(Exercise material begins)

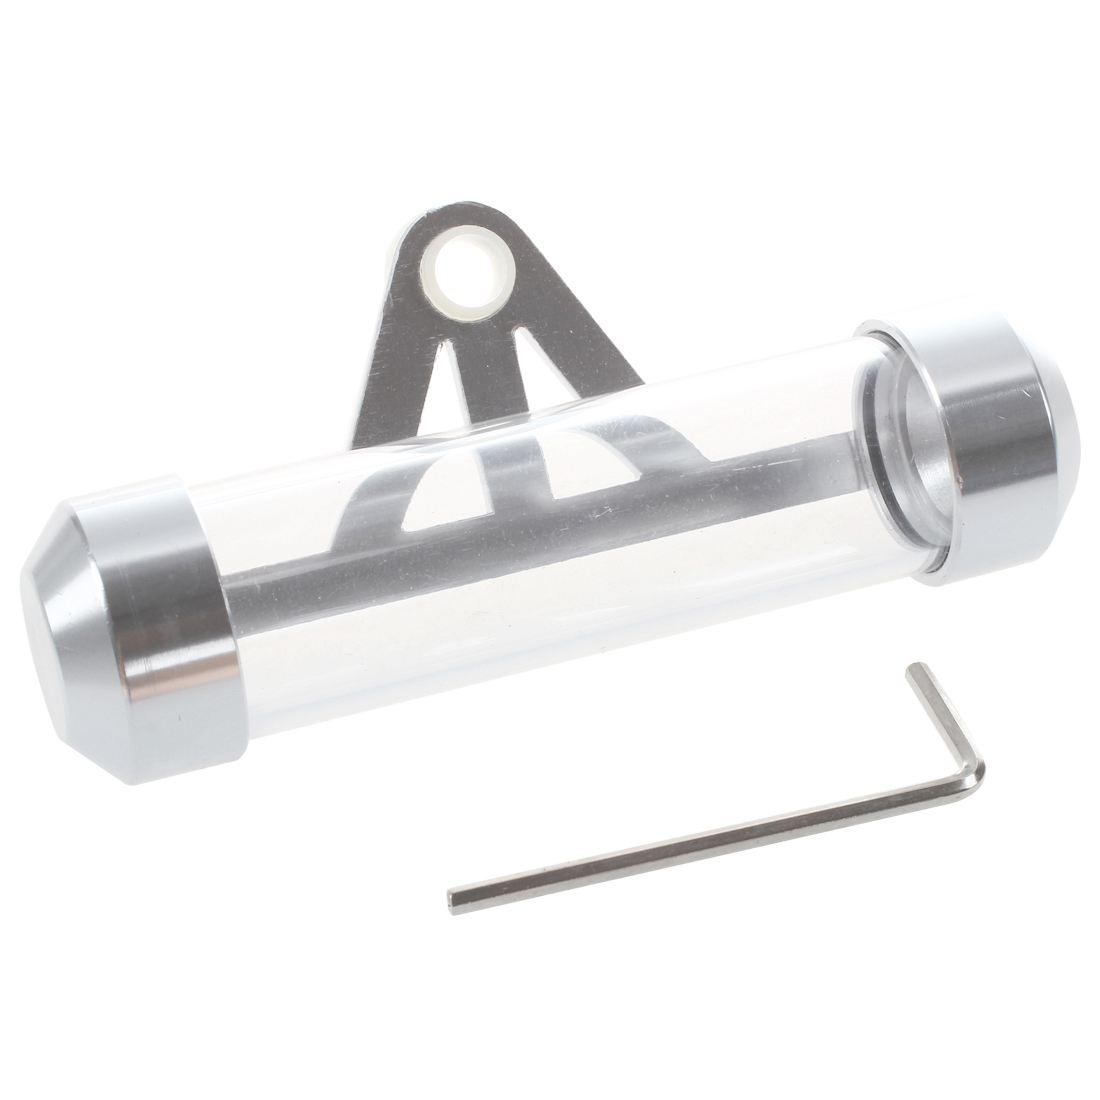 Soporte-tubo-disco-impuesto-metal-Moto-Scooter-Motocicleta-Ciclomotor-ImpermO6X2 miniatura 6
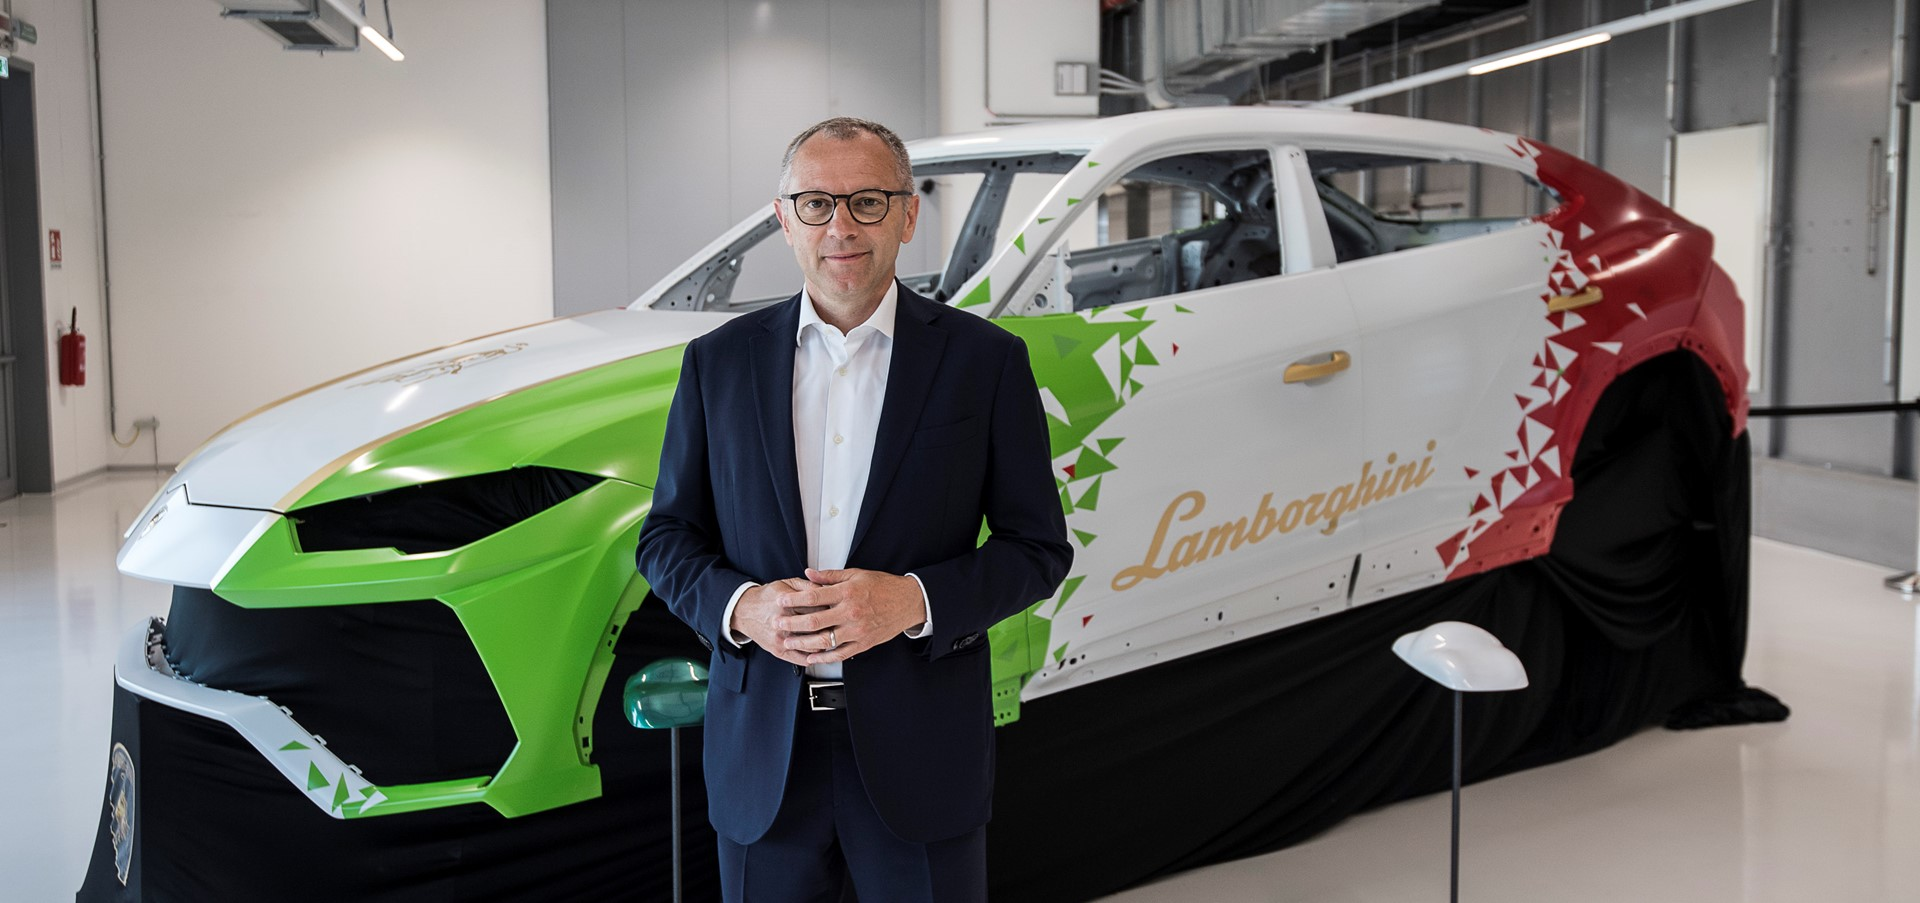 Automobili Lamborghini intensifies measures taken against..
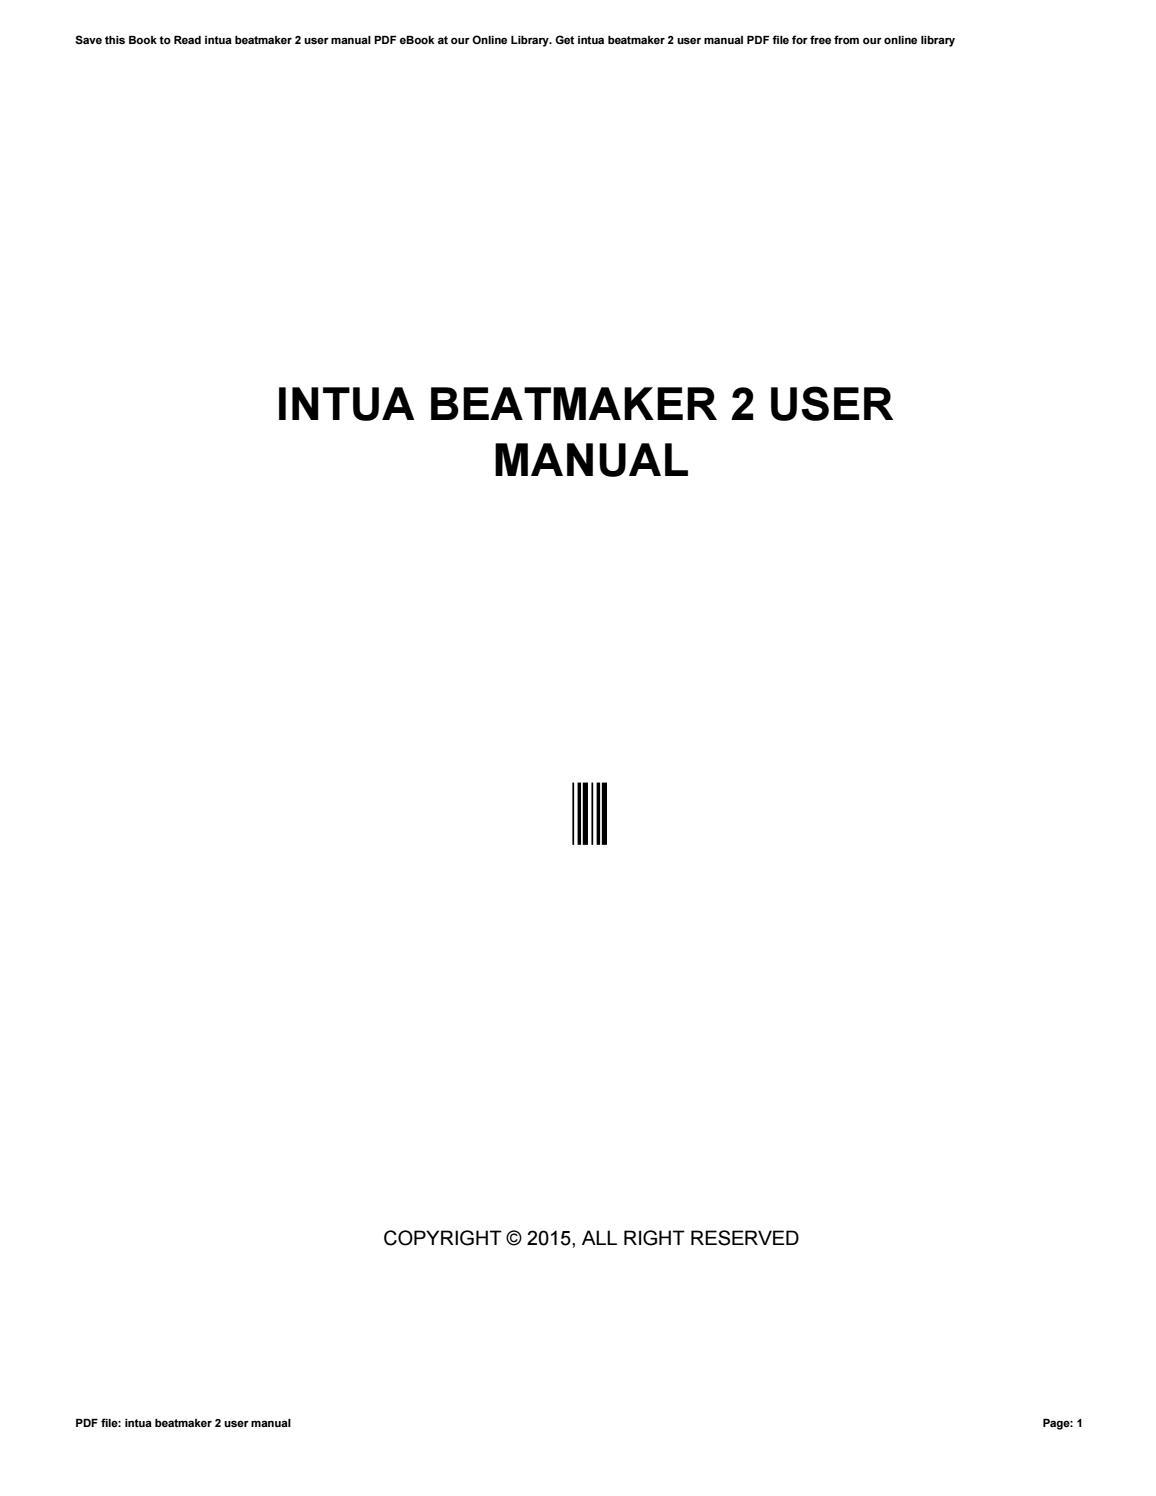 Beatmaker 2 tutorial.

(Exercise material ends)
(Exercise material begins)

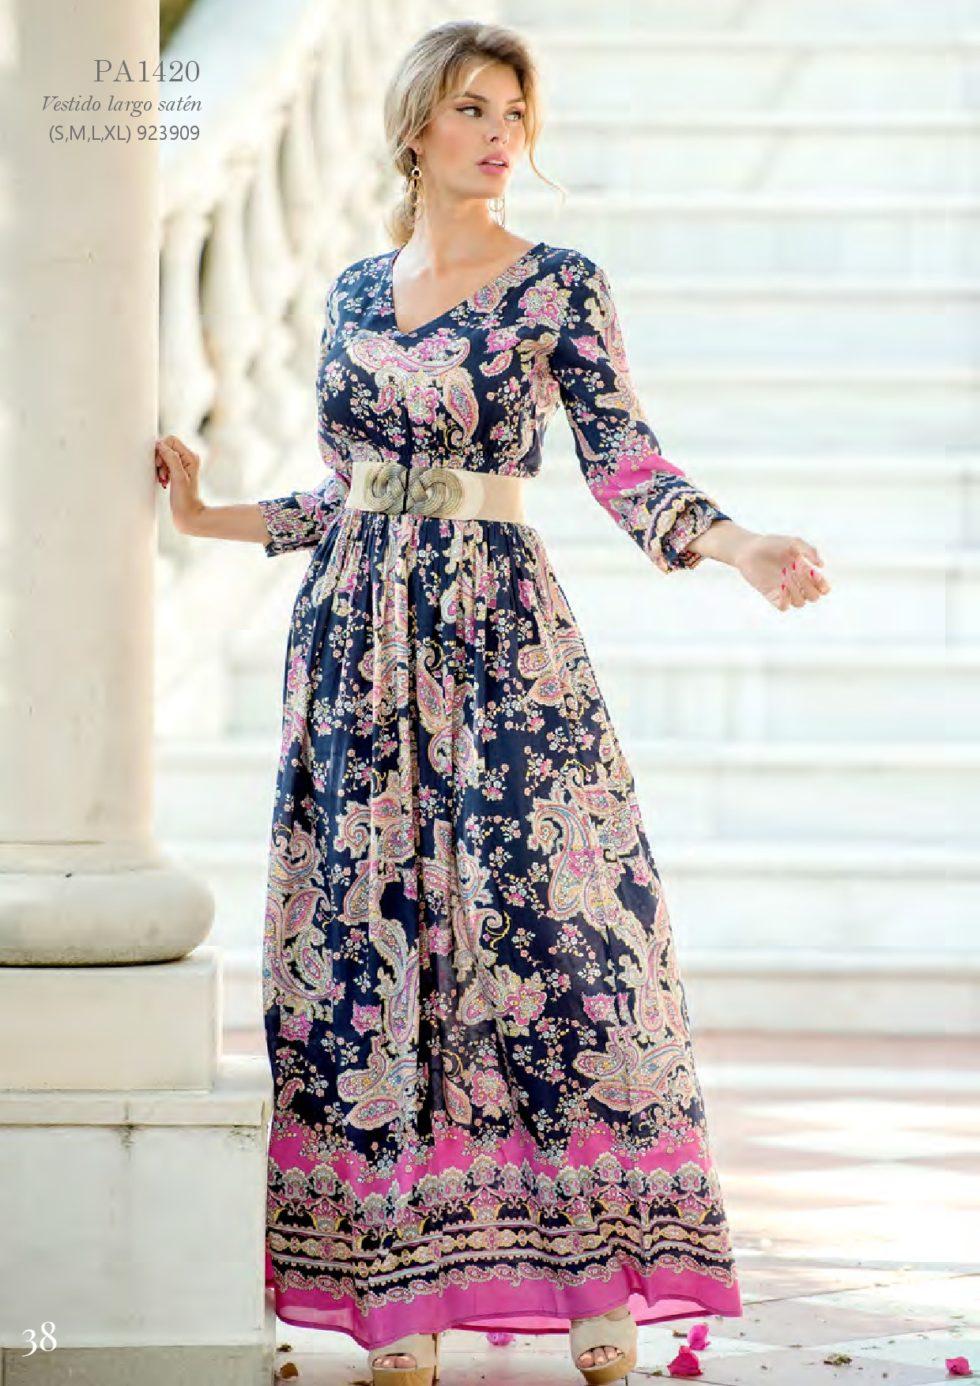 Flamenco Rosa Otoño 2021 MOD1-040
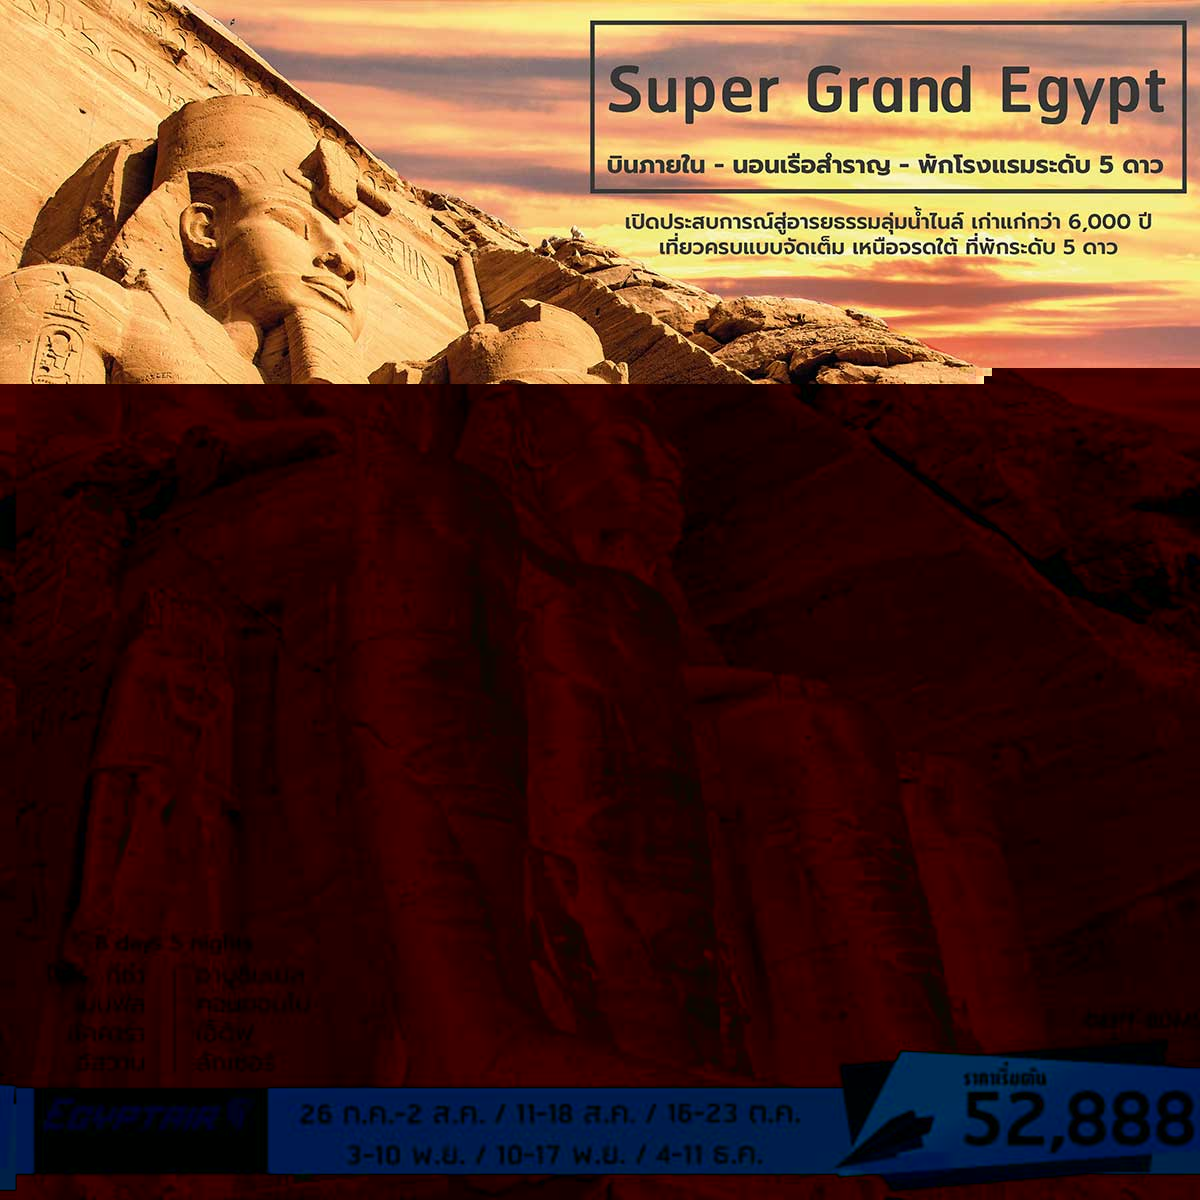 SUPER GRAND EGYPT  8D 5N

(Exercise material ends)
(Exercise material begins)

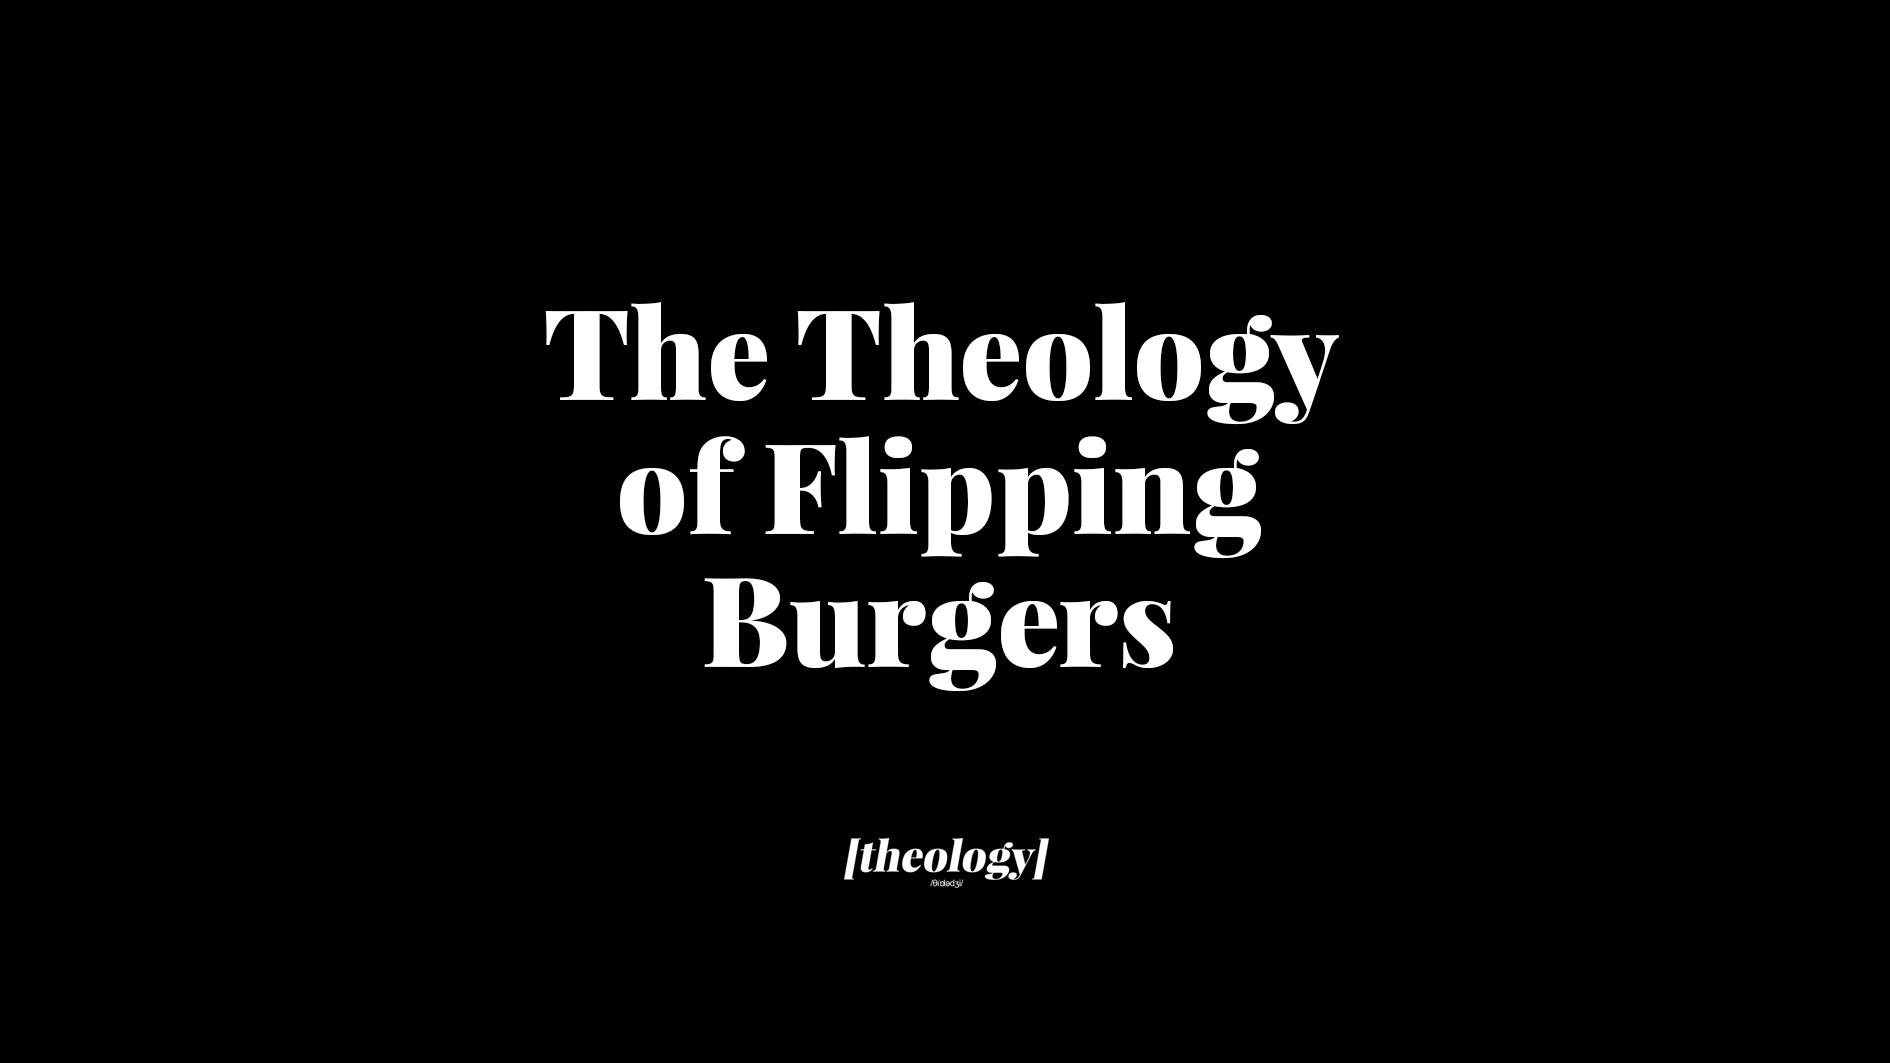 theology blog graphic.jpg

(Exercise material ends)

**Task statement**
From the listing above, please give again the lines that begin with the line holding "Flamenco Rosa Otoño 2021 MOD1-040" and go on through the line holding "SUPER GRAND EGYPT", exactly, both ends included, minus any picture.

**Task result**
 Flamenco Rosa Otoño 2021 MOD1-040
 SUPER GRAND EGYPT  8D 5N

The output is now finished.